* [Instructions for the task]
The answer must consist only of the lines from the line with "The New 2020 Nissan Armada" to the line with "atira la trobe", both included, exactly as they stand below.

* [Data under study]

****************************************

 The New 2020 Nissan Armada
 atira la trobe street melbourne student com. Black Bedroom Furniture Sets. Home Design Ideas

****************************************

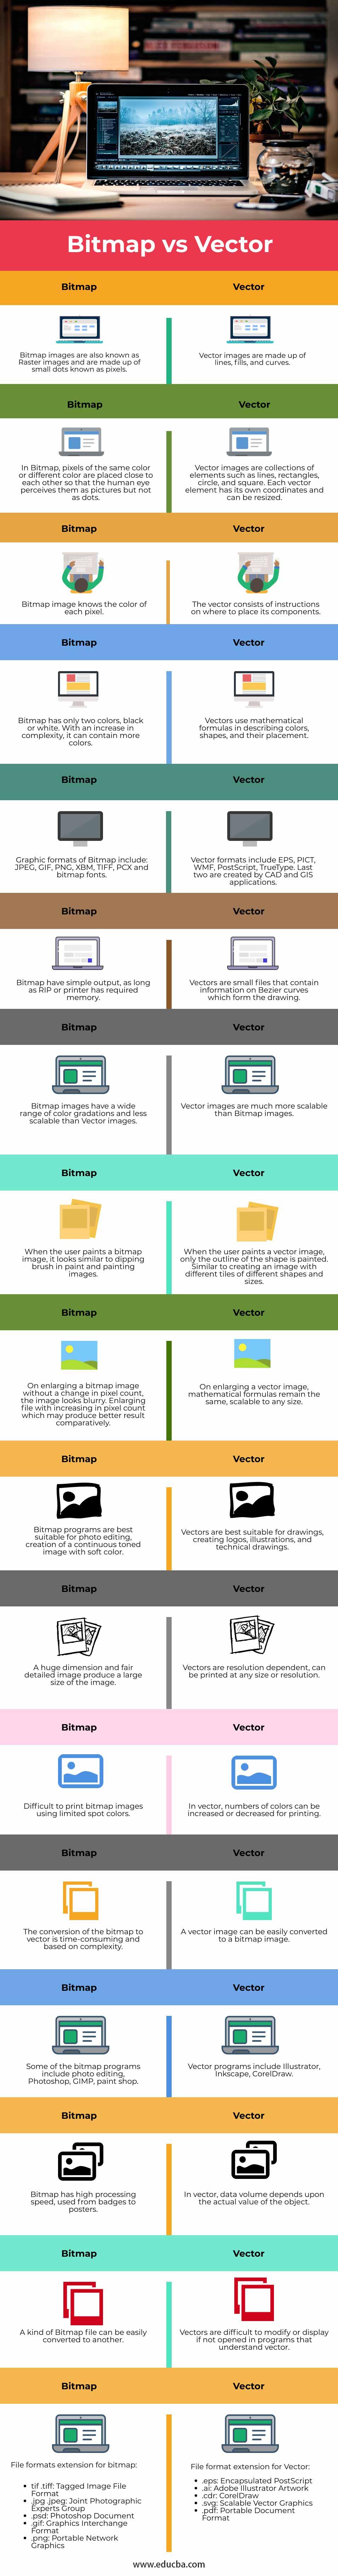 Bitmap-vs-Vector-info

****************************************

* [Exercise result]
 The New 2020 Nissan Armada
 atira la trobe street melbourne student com. Black Bedroom Furniture Sets. Home Design Ideas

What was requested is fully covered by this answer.